We can avoid the risk of becoming obsolete if we can change the hardware of SPH chip after its completion. Changing the hardware might sound self-contradictory, since the hardware is, unlike the software, cannot be changed once it is completed. Though the name might sound strange, such "programmable" chips have been available for several decades now. These chips, usually called FPGA (Field-Programmable Gate Array) chips, consist of small logic elements (LE) and switching matrix to connect them. One LE is typically a small lookup table made of SRAM, combined with additional circuits such as a flip-flop and special logic for arithmetic operations.
The size (in equivalent gate count) of the FPGA chips has been enormously increased, from around 1k of mid-1980's to around 10 million of 2005. Since the increase is driven essentially by the advance in the semiconductor device technology, one can expect that the increase will continue for the next decade. An FPGA chip with over 20 million gates will be available by 2006. Those FPGA chips are large enough to house fairly complex circuits. For example, the pipeline processor chip of GRAPE-3 (Okumura et al., 1993 ) is around 20k gates. Thus, even if we assume rather low utilization ratio of 20%, one GRAPE-3 chip should fit into an FPGA chip with 100k gates, which is now quite typical and pretty cheap.
In 1990's, to implement GRAPE pipelines on FPGA would have little practical meaning, since one GRAPE chip of similar price to one FPGA chip at that time was much faster. However, current situation is the other way around such that for relatively small budget project, cost to design and implement new GRAPE chip even with current modest technology is rather expensive (i.e., the initial development cost of GRAPE-6 chip has exceeded 1M USD; Makino et al. (2003) ) and it is not necessarily true that with fixed amount of money, GRAPE chips are cheaper and faster than FPGA chips with GRAPE pipelines. Thus, to implement GRAPE pipelines on FPGA itself is now becoming a considerable alternative to make a new GRAPE chip. Moreover, applications for which no custom hardware is available would find a GRAPElike hardware implemented using FPGA useful. The SPH interaction is a perfect example for this type of hardware. We may implement any variety of the SPH algorithm, as far as it is expressed as interaction between particles and the necessary circuit fits in a target FPGA chip. The peak performance is not as large as what we can enjoy with custom LSI chips, but could be still orders of magnitude faster than what is available on general-purpose computers.

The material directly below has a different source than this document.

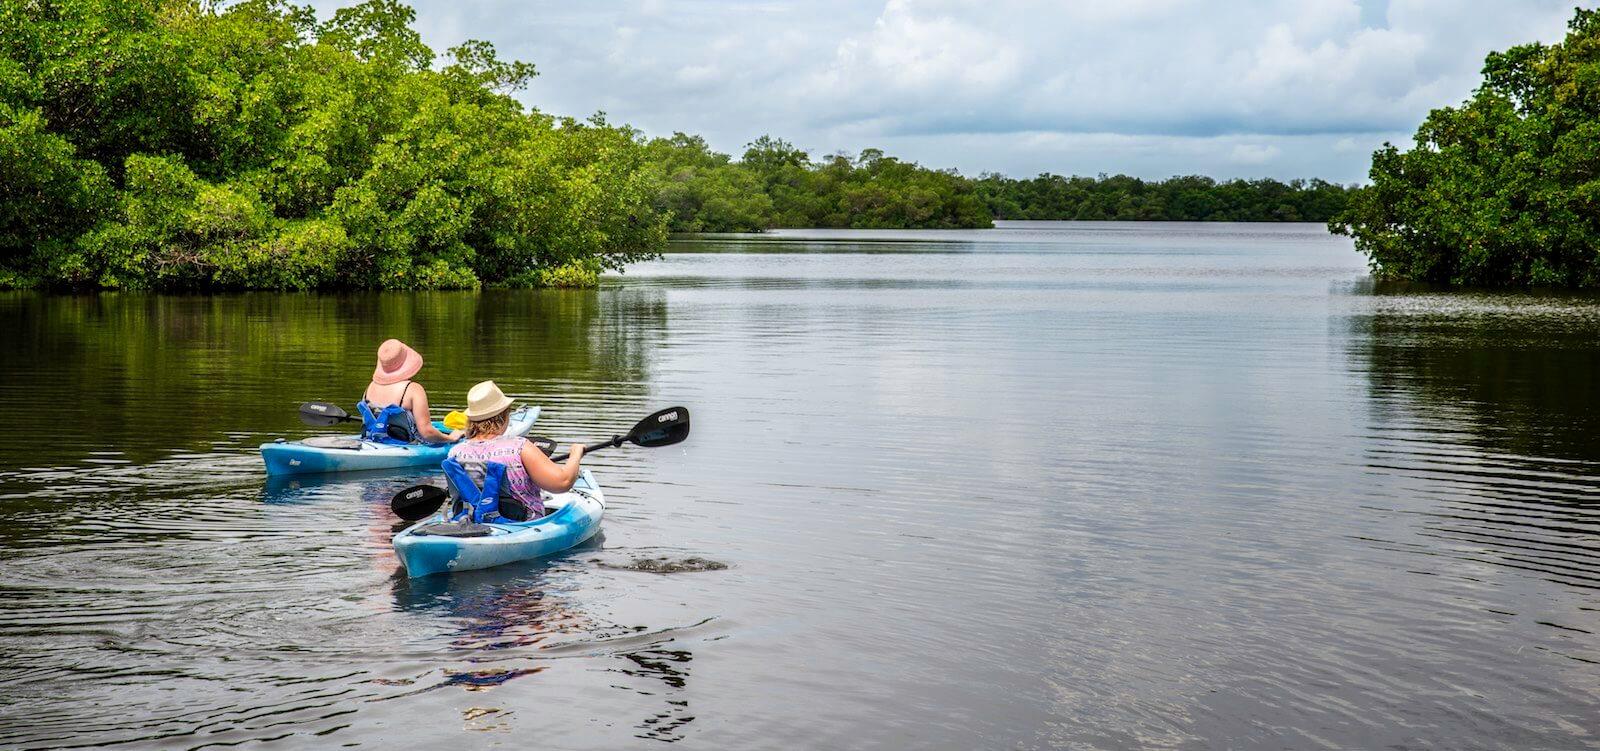 MustDo.com | Sanibel Island, Florida kayak tours. Photo by Jennifer Brinkman.

We call the concept of using a programmable FPGA chip as the pipeline processor for astrophysical simulations as PROGRAPE (PROgrammable GRAPE) that has been introduced by Hamada et al. (2000) . It should be noted that PROGRAPE is not the first attempt to use FPGAs as the building blocks of special-purpose computers. There are a number of projects to develop custom computing machines using FPGAs as a main unit. The most influential one are Splash-1 and Splash-2 project (Buell et al., 1996) .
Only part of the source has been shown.